*Work instruction*:
Your task is to copy the lines of the data below from the line holding "Snake Line Drawing - ClipArt Best" through the line holding "High Quality Bape", inclusive, exactly and with nothing added.

*Listed records*:
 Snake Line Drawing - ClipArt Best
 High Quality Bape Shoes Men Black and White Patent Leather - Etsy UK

* * *

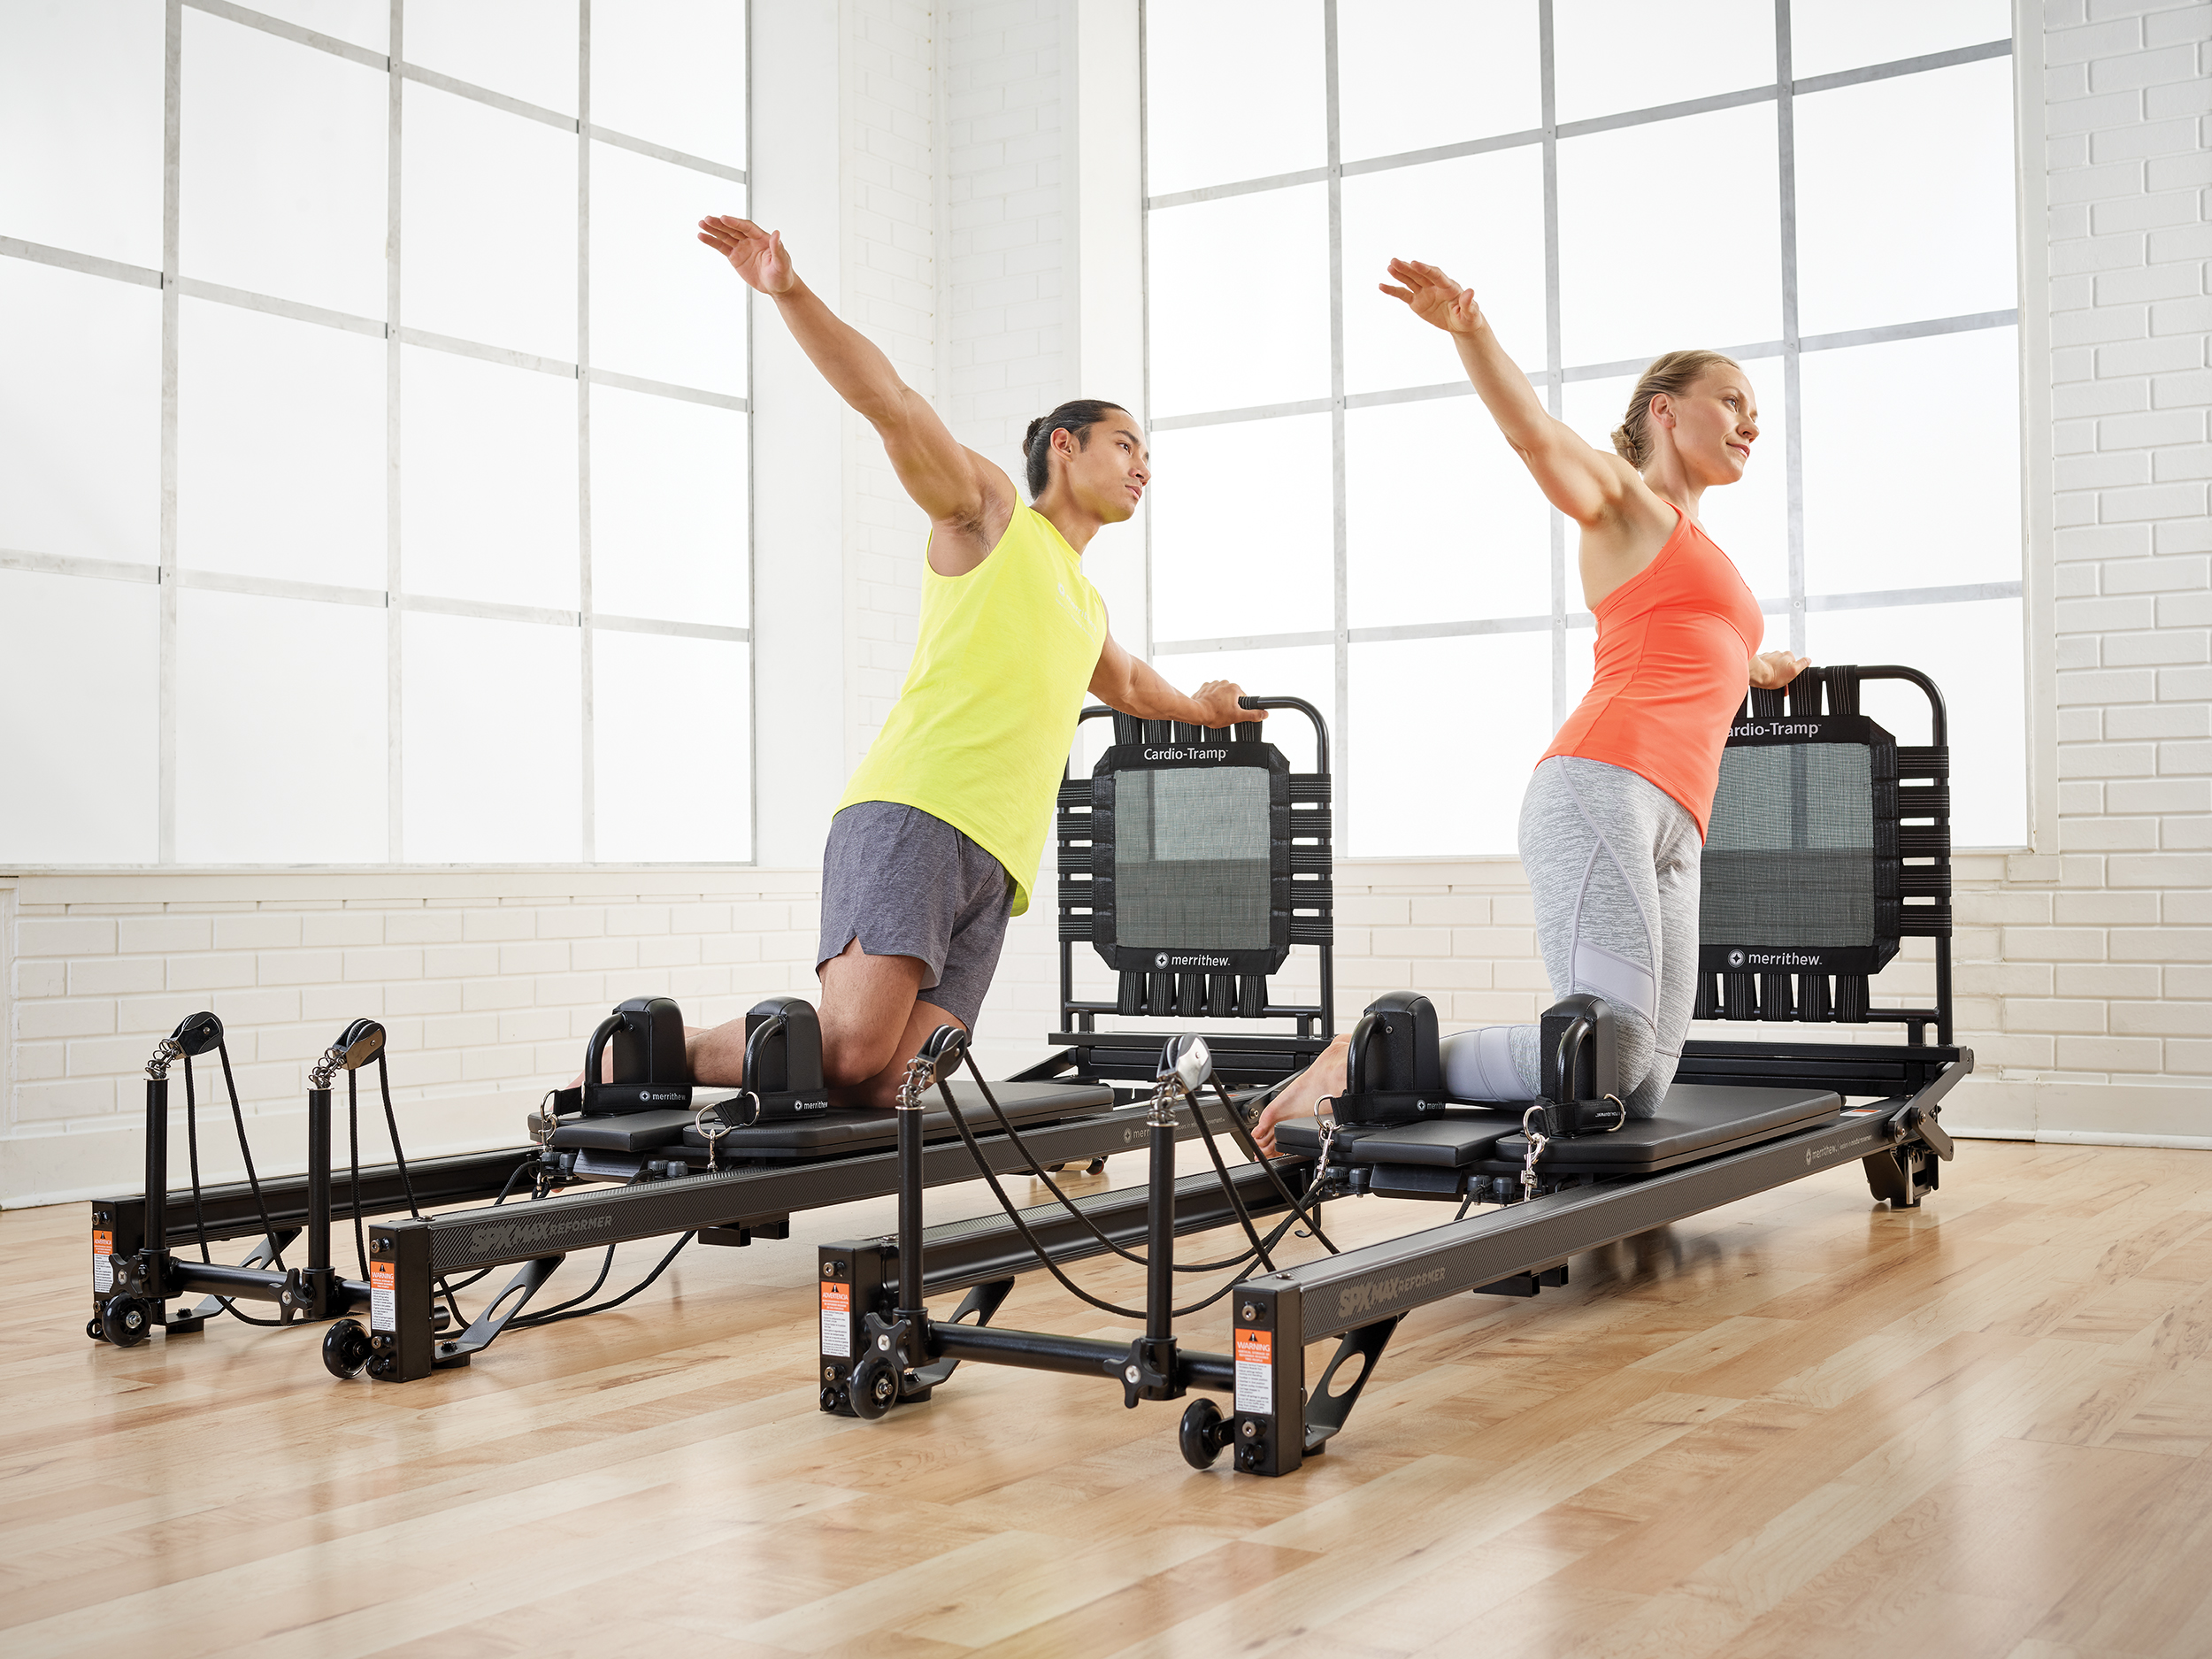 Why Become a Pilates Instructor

---

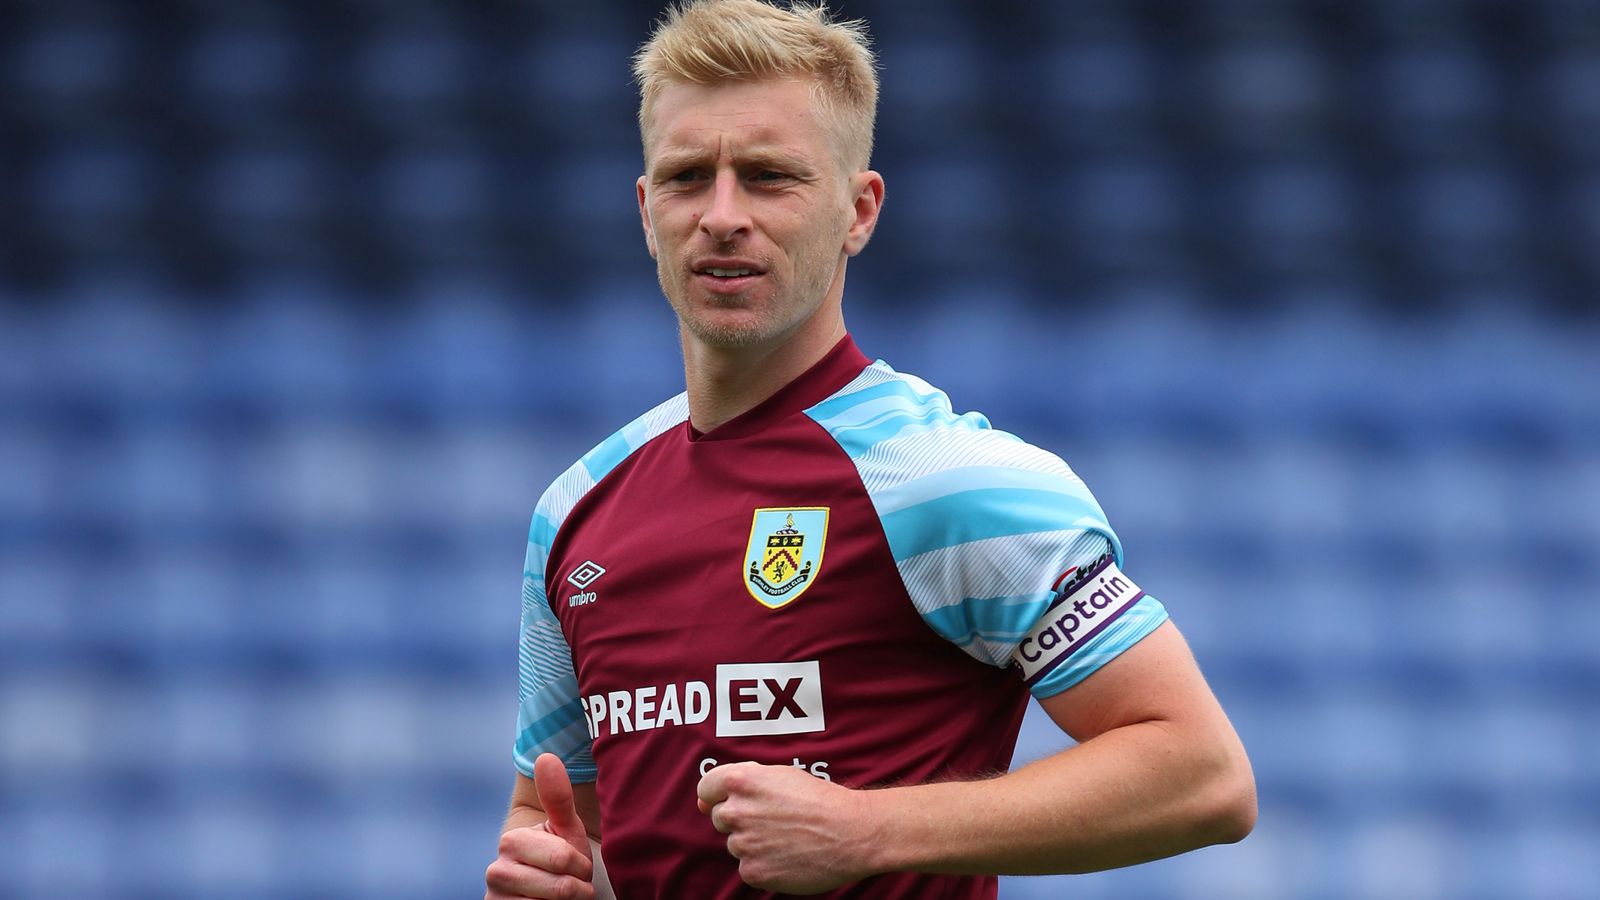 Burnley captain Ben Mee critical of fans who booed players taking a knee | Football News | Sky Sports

*Answer*:
 Snake Line Drawing - ClipArt Best
 High Quality Bape Shoes Men Black and White Patent Leather - Etsy UK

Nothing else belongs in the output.